Time complexity: $$$\mathcal{O}(n)$$$
#include <bits/stdc++.h>
using namespace std;
typedef long long ll;
void test_case_run() {
int n;
cin >> n;
ll a[n+1];
for (int i = 1; i <= n; i++) cin >> a[i];
ll sum = 0;
for (int i = 2; i <= n; i++) sum += abs(a[i]-a[i-1]);
ll ans = min(sum - abs(a[2]-a[1]), sum - abs(a[n]-a[n-1]));
for (int i = 2; i < n; i++) {
ans = min(ans, sum - abs(a[i+1]-a[i]) - abs(a[i]-a[i-1]) + abs(a[i+1]-a[i-1]));
}
cout << ans << "\n";
}
int main() {
ios_base::sync_with_stdio(false);
cin.tie(NULL);
int t;
cin >> t;
while (t--) test_case_run();
return 0;
}
2179C - Blackslex and Number Theory
Author: omsincoconut
Making everying zeros works often.
Sometimes, it's better to make all numbers something else that's not zero.
Following Hint 2, if we don't make everything zero, then what's our target number?
Sort the array from small to large.
We can mod every number in the array by itself, and this would require $$$k = a_1$$$.
For a larger value of $$$k$$$, we cannot modify the value of $$$a_1$$$, so every number must be made into $$$a_1$$$. We can mod $$$a_i$$$ with $$$a_i - a_1$$$, using $$$k = a_2 - a_1$$$.
The answer is thus $$$\max(a_1, a_2 - a_1)$$$.
Time complexity: $$$\mathcal{O}(n)$$$ or $$$\mathcal{O}(n \log n)$$$ depending on implementation.
for test_case in range(int(input())):
n = int(input())
a = sorted([int(_) for _ in input().split()])
print(max(a[0], a[1]-a[0]))
2179D - Blackslex and Penguin Civilization
Author: omsincoconut
Ignore the lexicographically minimum condition first. Can you find any permutation that maximizes $$$S(p)$$$? Can you explain why the permutation maximizes $$$S(p)$$$?

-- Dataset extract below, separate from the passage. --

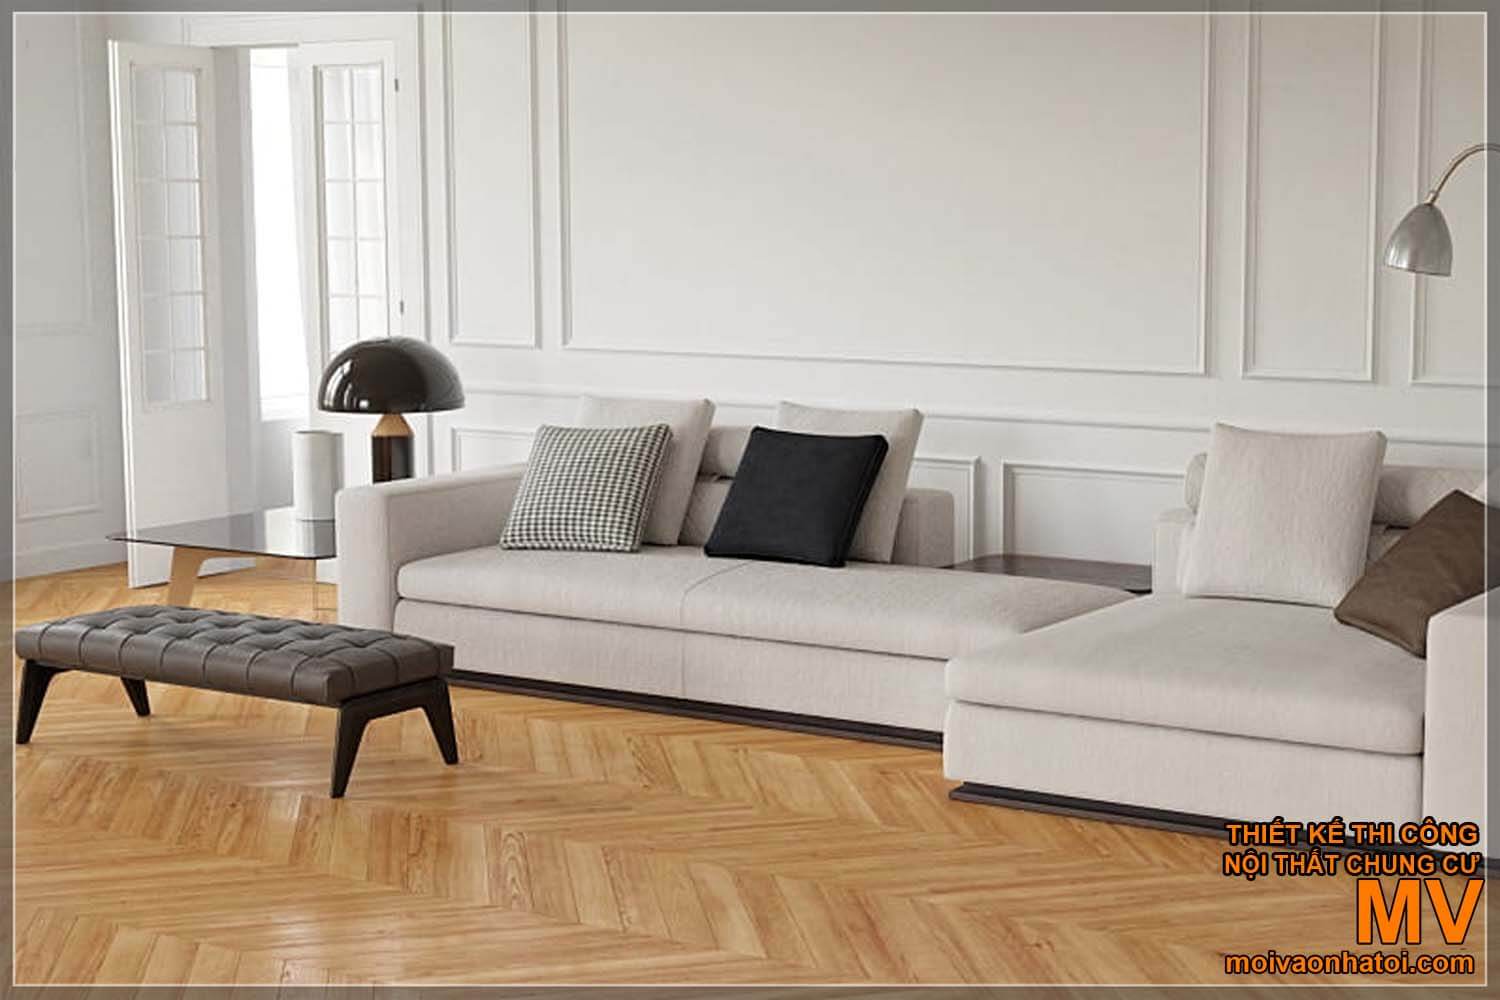 các mẫu ghế sofa hiện đại, đơn giản dành cho nhà tân cổ điển

There's an easy permutation that maximizes $$$S(p)$$$.
There are at most $$$2^{n-i}$$$ prefixes of the permutation that has the popcount of the bitwise AND be at least $$$i$$$.
For a popcount of a prefix to exceed $$$i$$$, you'll need to fix $$$i$$$ bits to be all ones, so there are only $$$n-i$$$ bits left to do other things to.
Read all hints. Now, look at this sentence in Hint 3.
"For a popcount of a prefix to exceed $$$i$$$, you'll need to fix $$$i$$$ bits to be all ones."
We will fix the $$$i$$$ lowest-value bits, and iterate the other bits lexicographically minimally.
Here's an example for $$$n=3$$$:
1 1 1 = 7
0 1 1 = 3
0 0 1 = 1
1 0 1 = 5
0 0 0 = 0
0 1 0 = 2
1 0 0 = 4
1 1 0 = 6
For a clean implementation, note that iterating the unfixed bits is basically iterating even numbers.
Time complexity: $$$\mathcal{O}(2^n)$$$.
t = int(input())
for _ in range(t):
n = int(input())
print(2**n - 1, end = ' ')
for i in range(1, n+1):
for j in range(0, 2**i, 2):
print(j*2**(n-i) + 2**(n-i) - 1, end = ' ')
print()
2179E - Blackslex and Girls
Author: spycoderyt
Denote the party that is supposed to win a district as the 'designated winner.' A minimum population $$$p_i$$$ for each district and a strict majority condition creates a lower bound on the number of votes from the designated winner. What is this lower bound?
The lower bound is $$$\lfloor \frac{p_i}{2} \rfloor + 1$$$.
What happens if at least one pair of districts has a different designated winner?
What happens if that is not true; i.e all districts have the same designated winner?
Consider the process of constructing a solution, even though we will not explicitly construct it in the code. First note that if $$$x+y \lt \sum p_i$$$, then it is impossible.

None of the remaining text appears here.